Ferder argues, and the majority agrees, that the Supreme Court in Mayes left open the possibility that substantial compliance might rescue non-compliance with the express requirements of Section 538.225. However, I have found no Missouri cases holding or even suggesting that Section 538.225 contains one of those two exceptions that would allow this Court to allow substantial compliance as a measure of meeting the express requirements of the statute-either an express allowance for substantial compliance or language in the statute suggesting that the legislature intended Section 538.225 's requirements to be construed liberally. See Mayes, 430 S.W.3d at 271 ("There is no statute directing courts to construe liberally [S]ection 538.225, and the statute lacks any language indicating that a plaintiff's affidavit may contain substantially similar information."). Without a direct mandate from our Supreme Court, I am unwilling to diverge from the express language of the statute.

Simply stated, it is well recognized that a plaintiff failing to file a health care affidavit that strictly complies with the requirement of Section 538.225 does so at her peril. Ferder filed only a single healthcare affidavit with her petition. The Defendants moved to dismiss Ferder's petition for failing to comply with Section 538.225.4. The requirements of Section 538.225 are express and mandatory. See id. at 271-72 ; Sillyman, 423 S.W.3d at 307 ; Farley, 346 S.W.3d at 399. Under these facts, the trial court was required to apply Section 538.225.6 and dismiss Ferder's claim. See Farley, 346 S.W.3d at 400. No matter how much I may empathize with Ferder's argument, Missouri cases and the express language of Section 538.225 do not allow us to apply the substantial-compliance doctrine to Section 538.225 's requirements. See Mayes, 430 S.W.3d at 271-72 ; Section 538.225. Any remedy for Ferder's non-compliance with this statute must come from legislative action, not judicial interpretation.

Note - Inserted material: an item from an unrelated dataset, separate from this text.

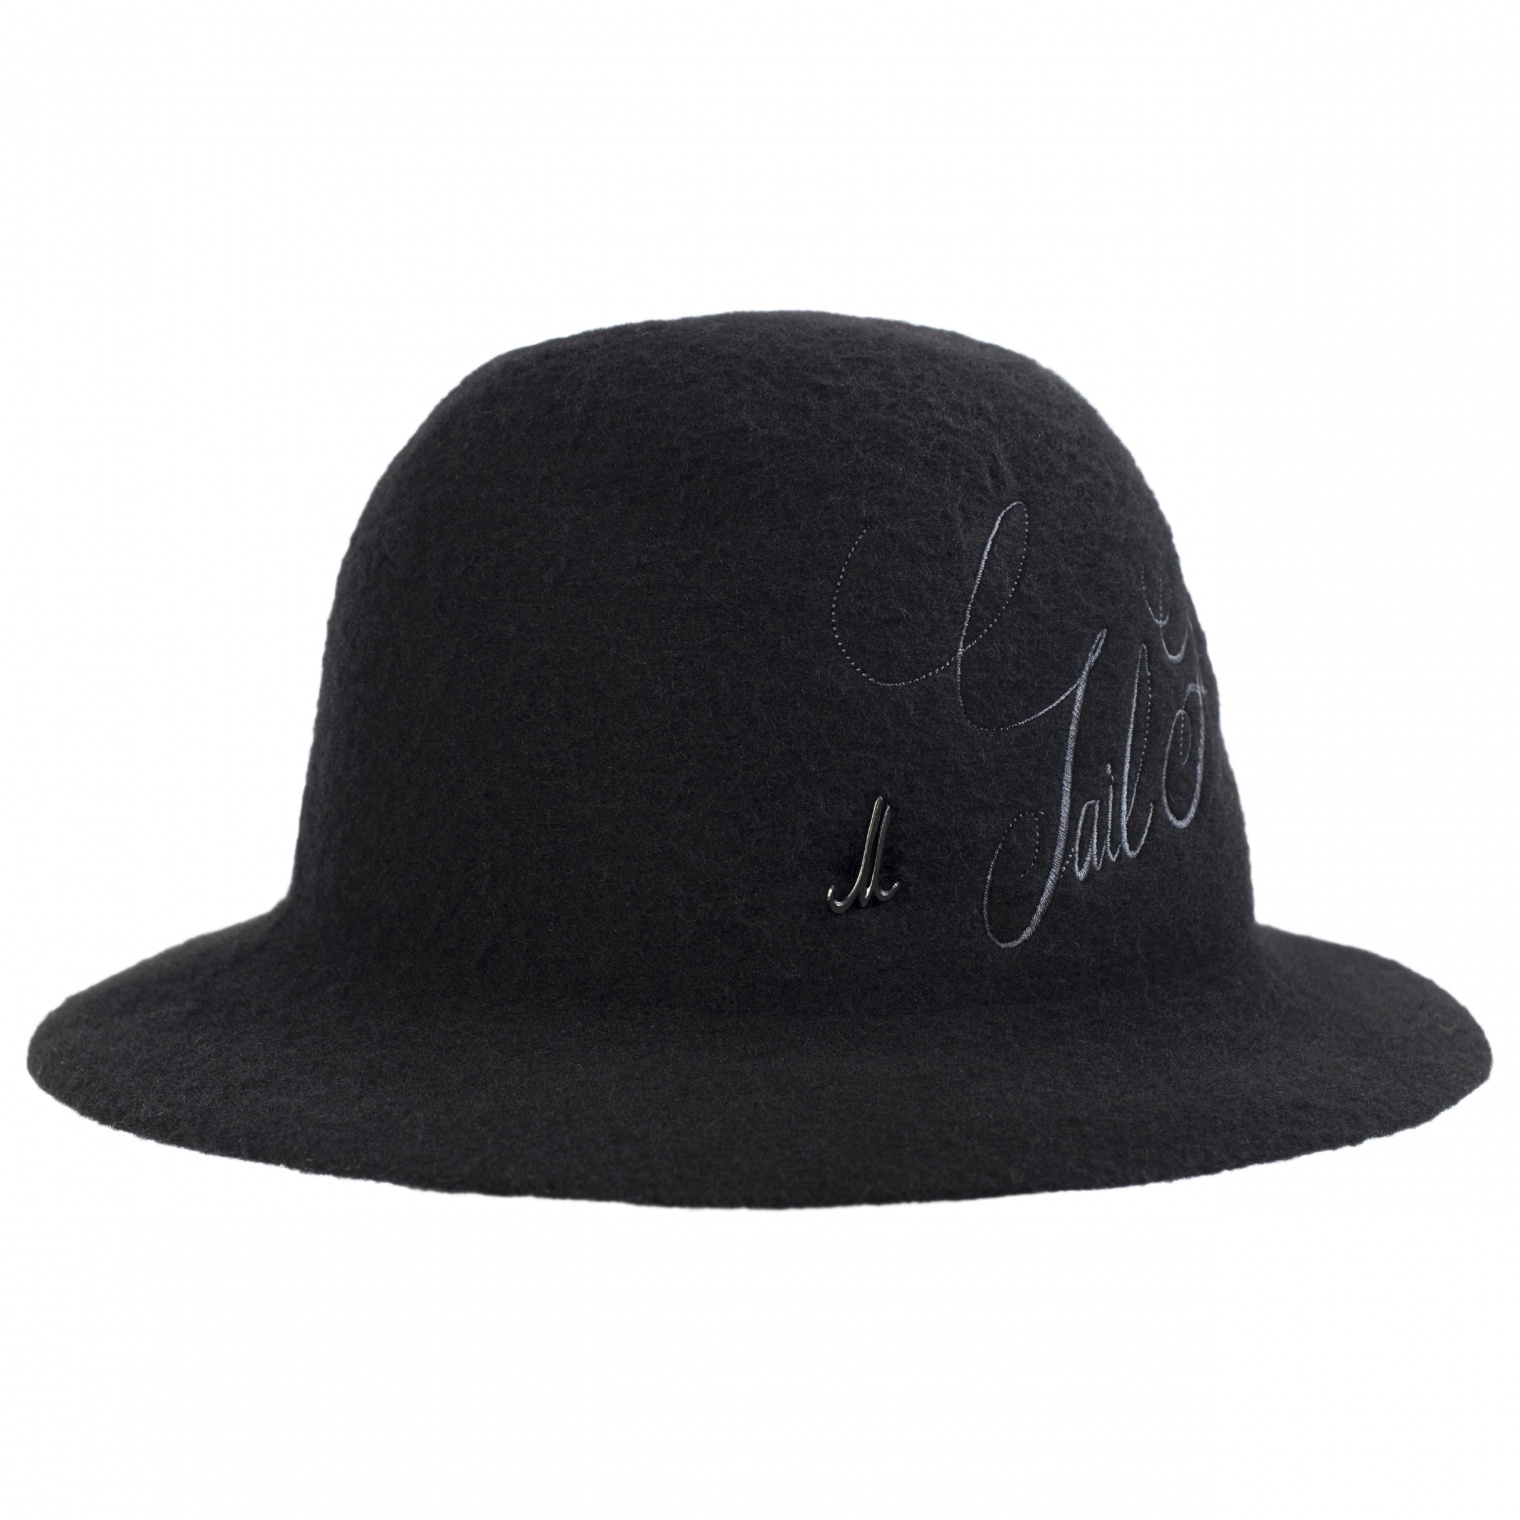 Junya Watanabe Embroidered logo hat in black
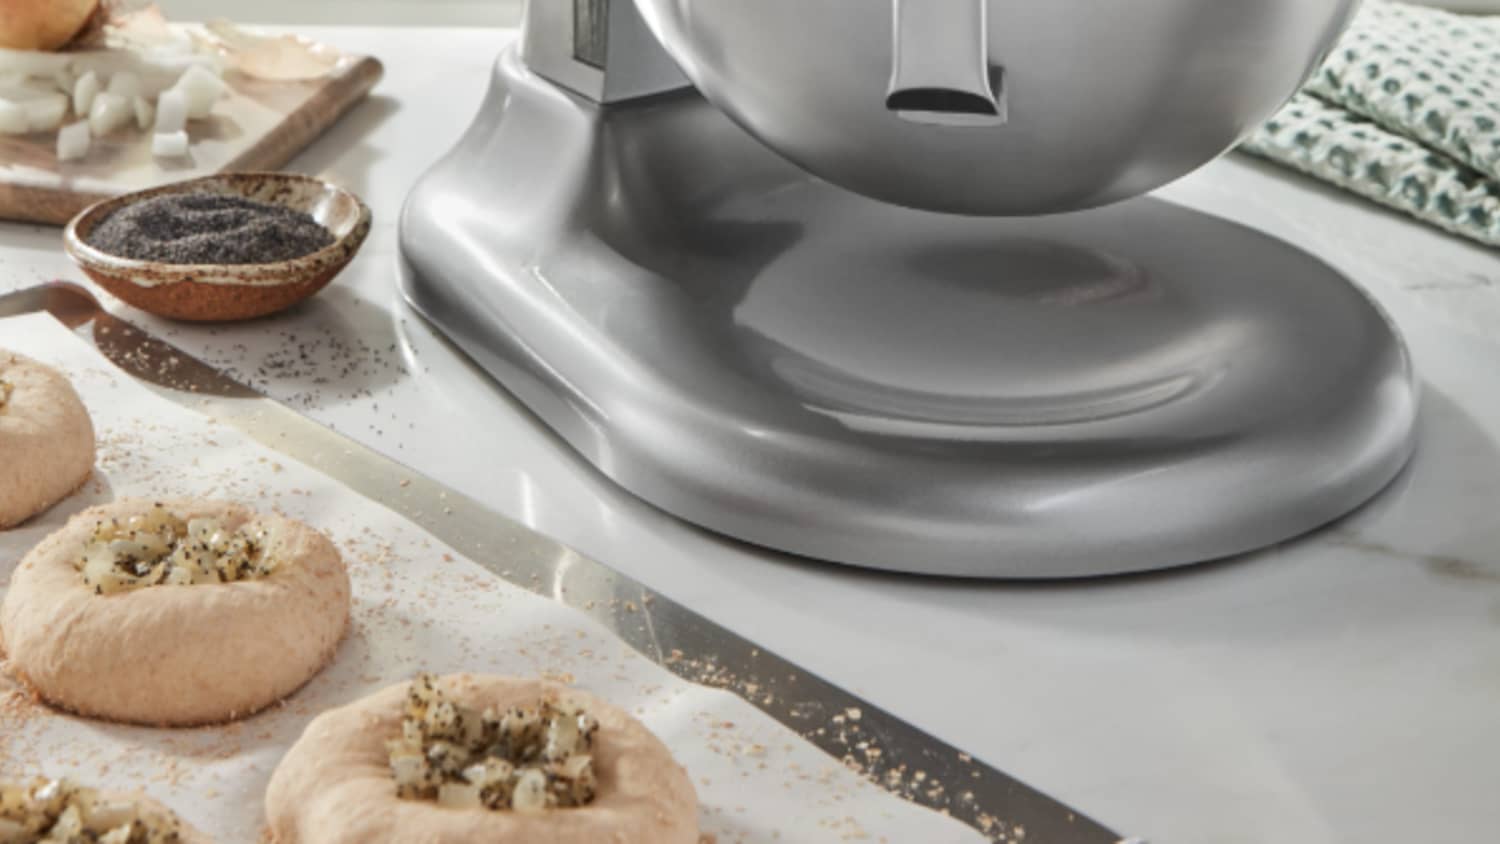 KitchenAid 7 Quart Bowl-Lift Stand Mixer comes with redesigned premium  touchpoints » Gadget Flow

"A dismissal without prejudice for failure to comply with Section 538.225 is an appealable judgment." Austin v. Schiro , 466 S.W.3d 694, 696 (Mo. App. W.D. 2015) (citing Spradling v. SSM Health Care St. Louis, 313 S.W.3d 683, 686 n.4 (Mo. banc 2010) ).

Ferder also alleges that a separate affidavit for Premier would have been a mere duplicate of the affidavit for Dr. Scott because a legally qualified healthcare provider is not privy to the agency relationship between Premier and Dr. Scott. I do not address this argument because I must presume that the legislature intended every word in Section 538.225 to have an effect. Farley, 346 S.W.3d at 399. Section 538.225.4 requires a separate affidavit for each defendant listed in the petition. Construing Section 538.225 to permit only one affidavit would necessarily render subsection four meaningless. I am not inclined to interpret that statutes so as to render any portion of Section 538.225 meaningless. See Caplinger v. Rahman, 529 S.W.3d 326, 332 (Mo. App. S.D. 2017) ("Courts never presume that our legislature acted uselessly and should not construe a statute to render any provision meaningless.").